◆ **WHAT THE EXERCISE ASKS**
Only the lines in the entries below from the line with "Two Jugendstil Table Lamps, circa 1908" to the line with "Crystal Shard Lollipop", both included, belong in the answer, transcribed exactly and without pictures.

◆ **DATA SHOWN**
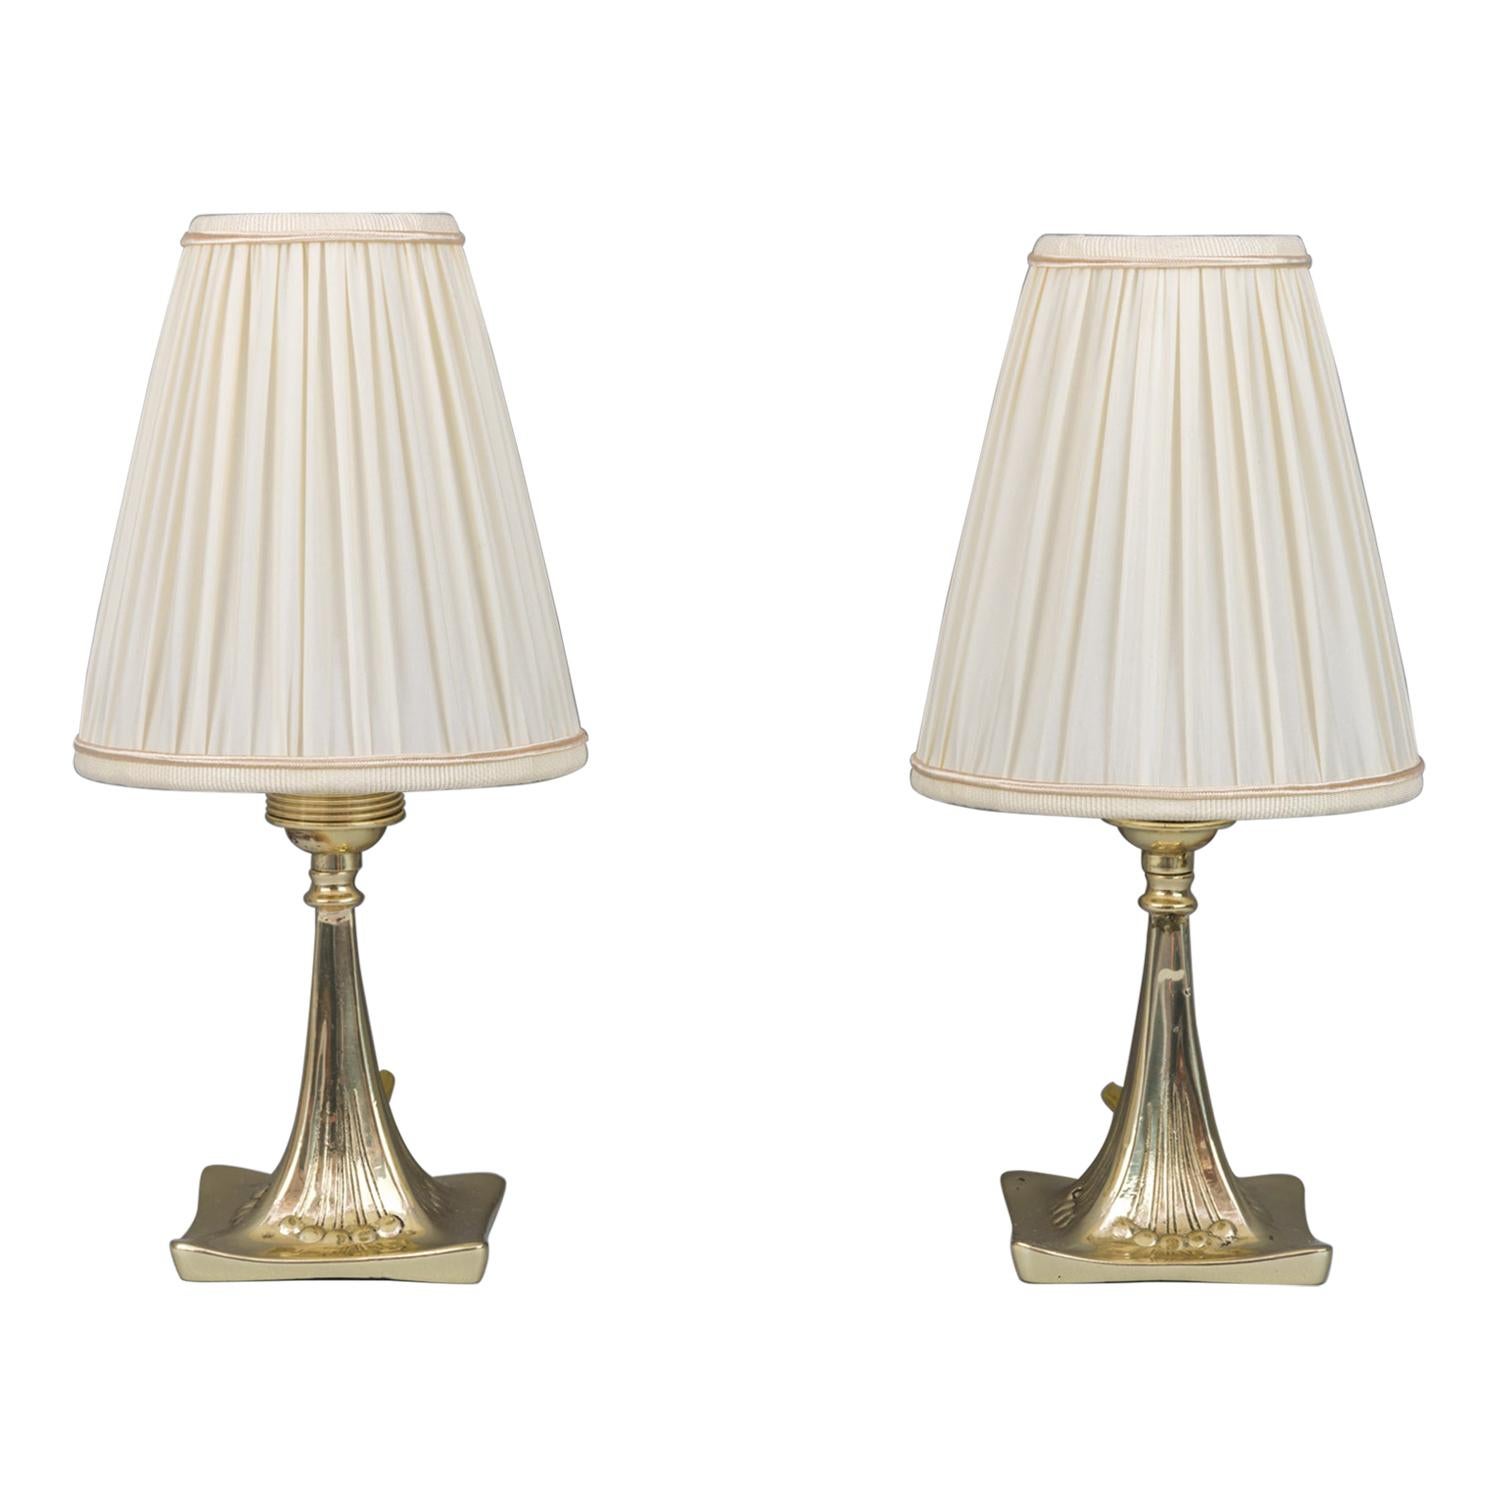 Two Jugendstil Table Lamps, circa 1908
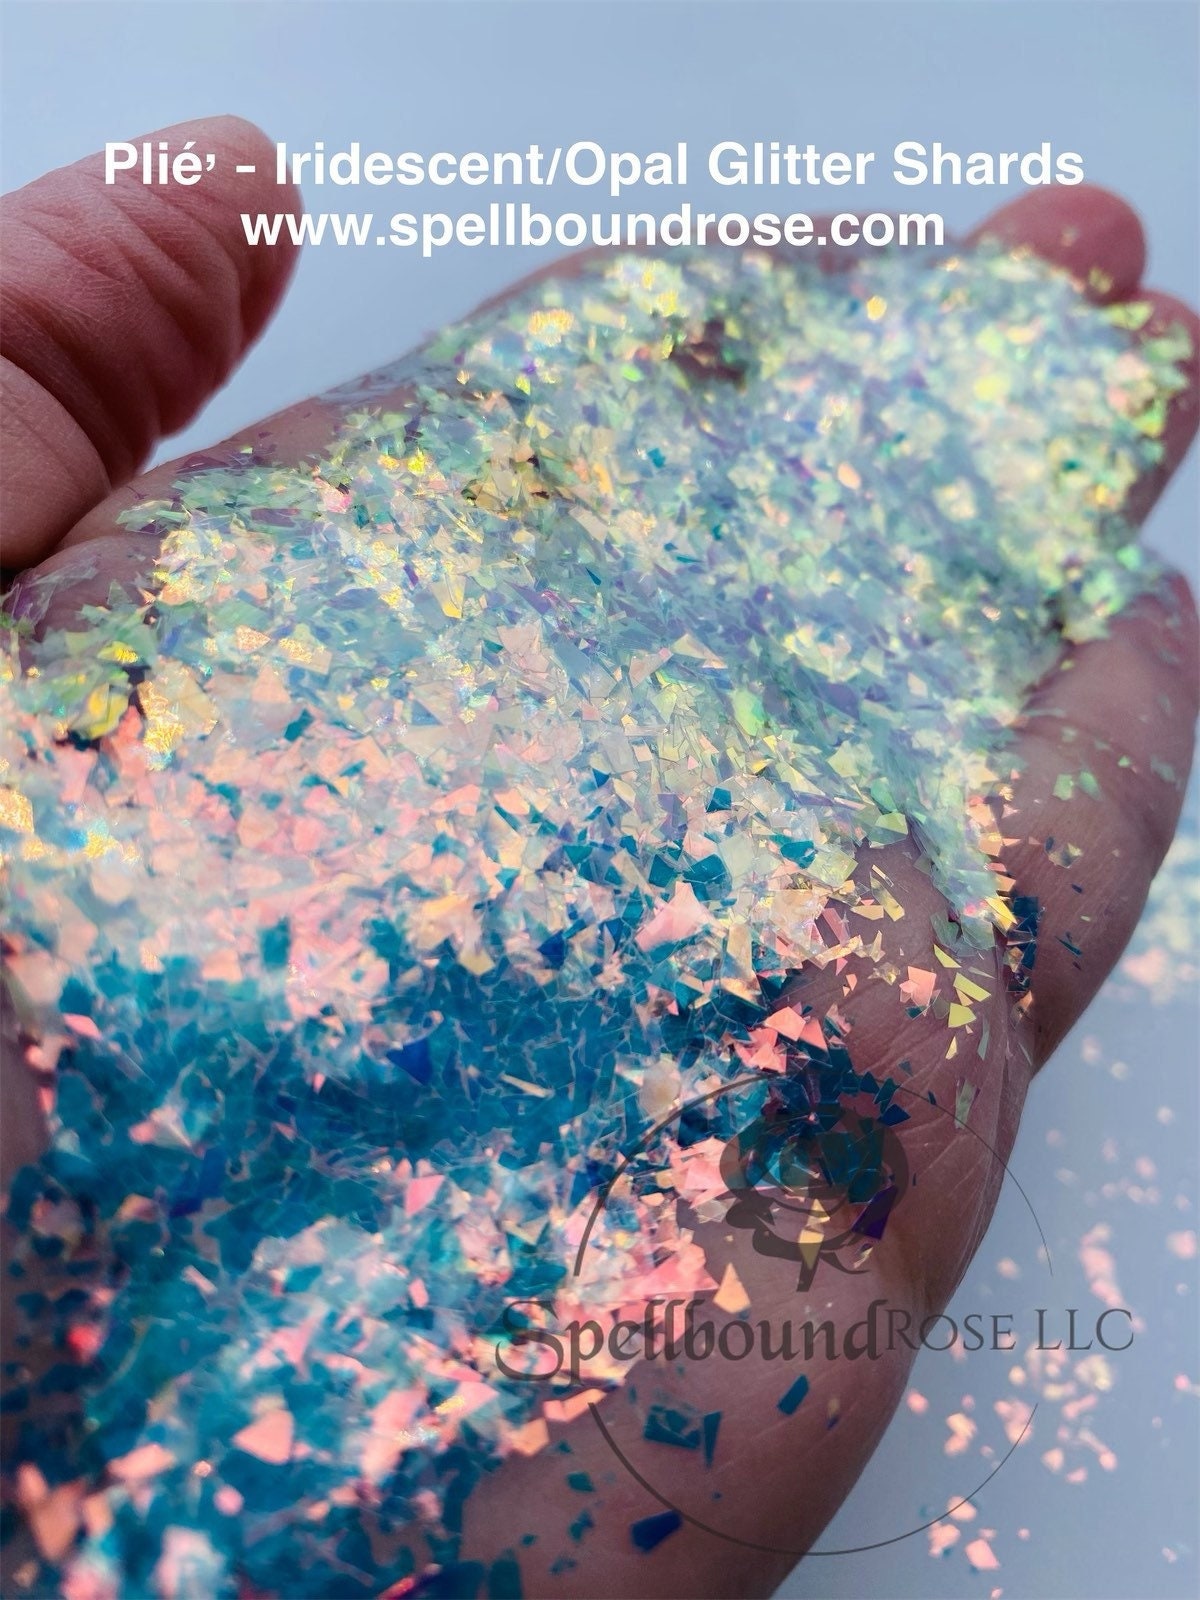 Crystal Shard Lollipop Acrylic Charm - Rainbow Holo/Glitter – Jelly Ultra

---

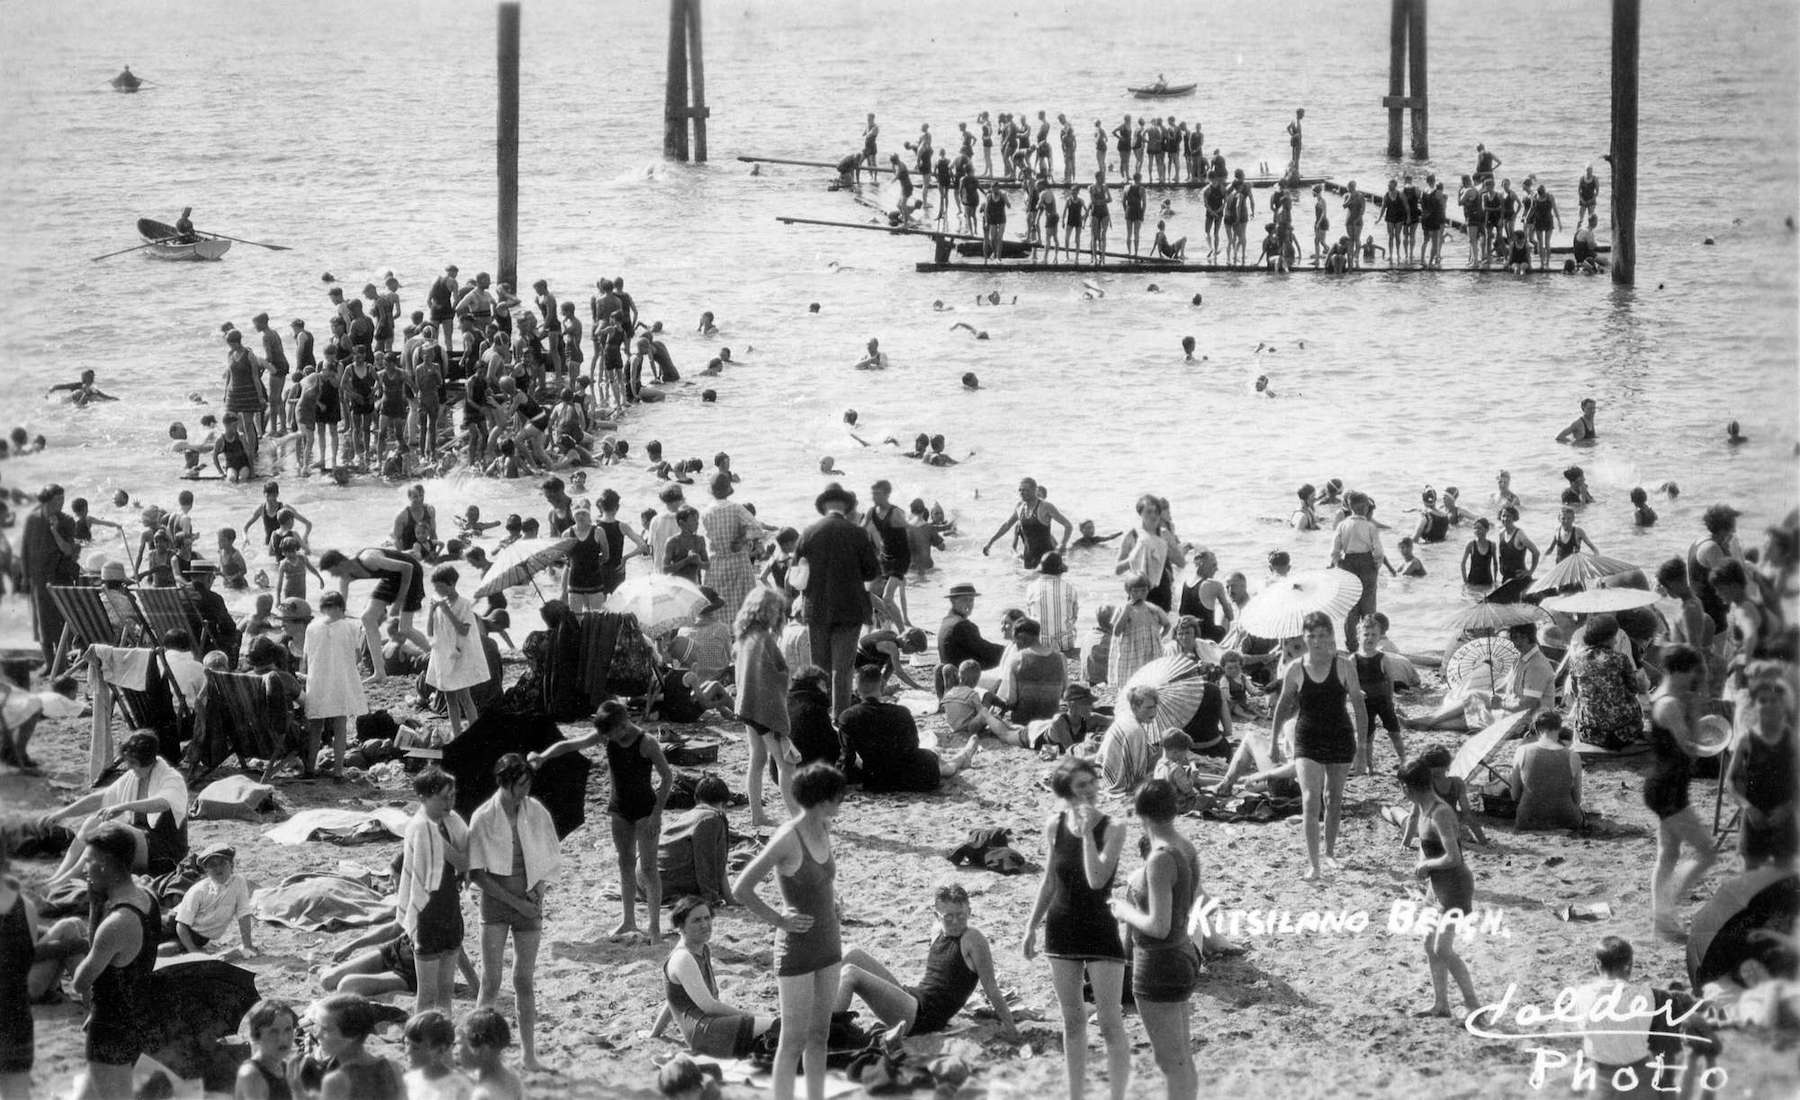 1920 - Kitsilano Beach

==

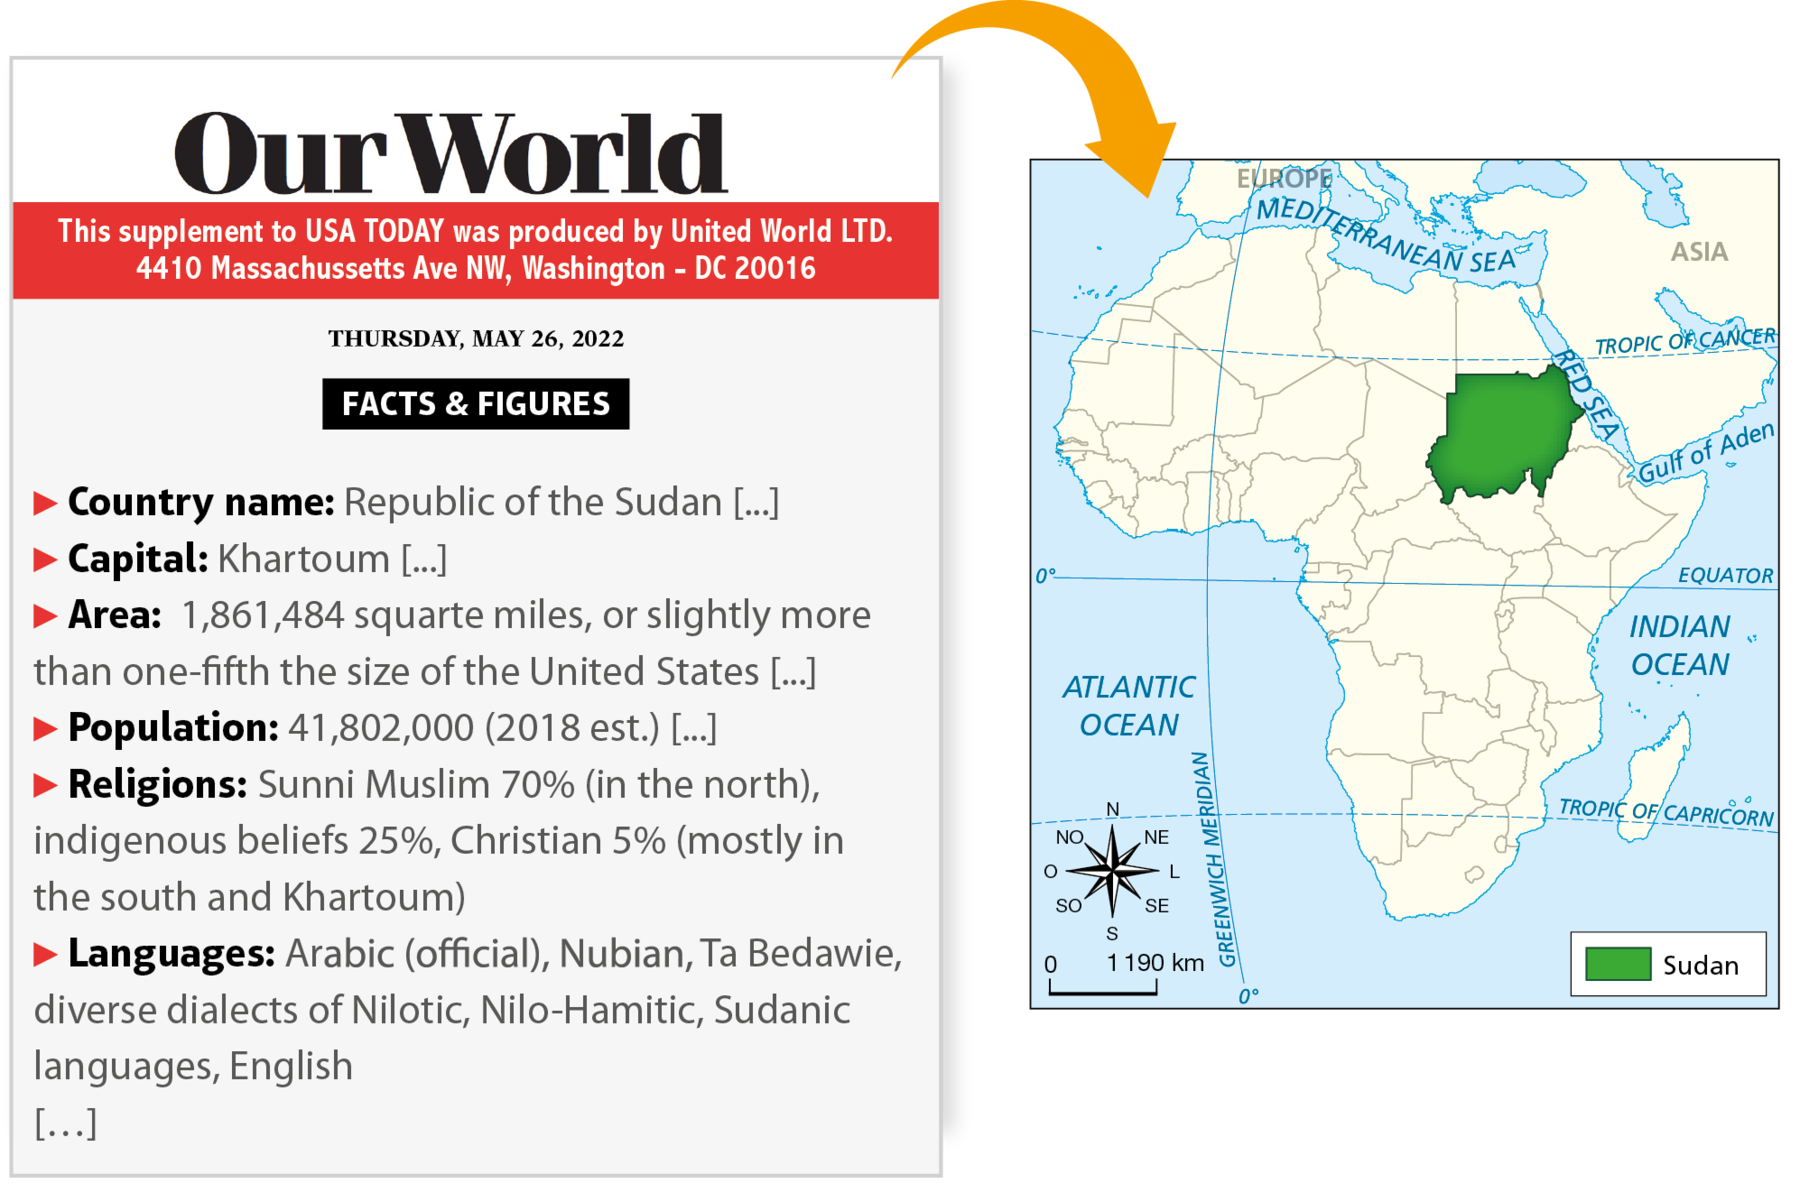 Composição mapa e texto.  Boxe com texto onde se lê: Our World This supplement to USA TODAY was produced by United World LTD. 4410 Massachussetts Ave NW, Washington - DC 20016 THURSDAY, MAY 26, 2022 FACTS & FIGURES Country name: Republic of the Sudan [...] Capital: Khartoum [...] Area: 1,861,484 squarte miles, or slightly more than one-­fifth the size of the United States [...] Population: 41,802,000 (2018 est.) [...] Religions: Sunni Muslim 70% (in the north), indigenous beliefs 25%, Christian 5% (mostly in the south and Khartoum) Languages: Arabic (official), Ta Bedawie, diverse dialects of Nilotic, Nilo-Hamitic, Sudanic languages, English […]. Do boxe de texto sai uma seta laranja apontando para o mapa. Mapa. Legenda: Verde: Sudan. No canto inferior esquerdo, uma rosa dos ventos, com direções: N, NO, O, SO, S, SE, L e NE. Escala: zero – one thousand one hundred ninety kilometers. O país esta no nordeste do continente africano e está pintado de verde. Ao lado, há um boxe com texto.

◆ **RESULT BELOW**
 Two Jugendstil Table Lamps, circa 1908
 Crystal Shard Lollipop Acrylic Charm - Rainbow Holo/Glitter – Jelly Ultra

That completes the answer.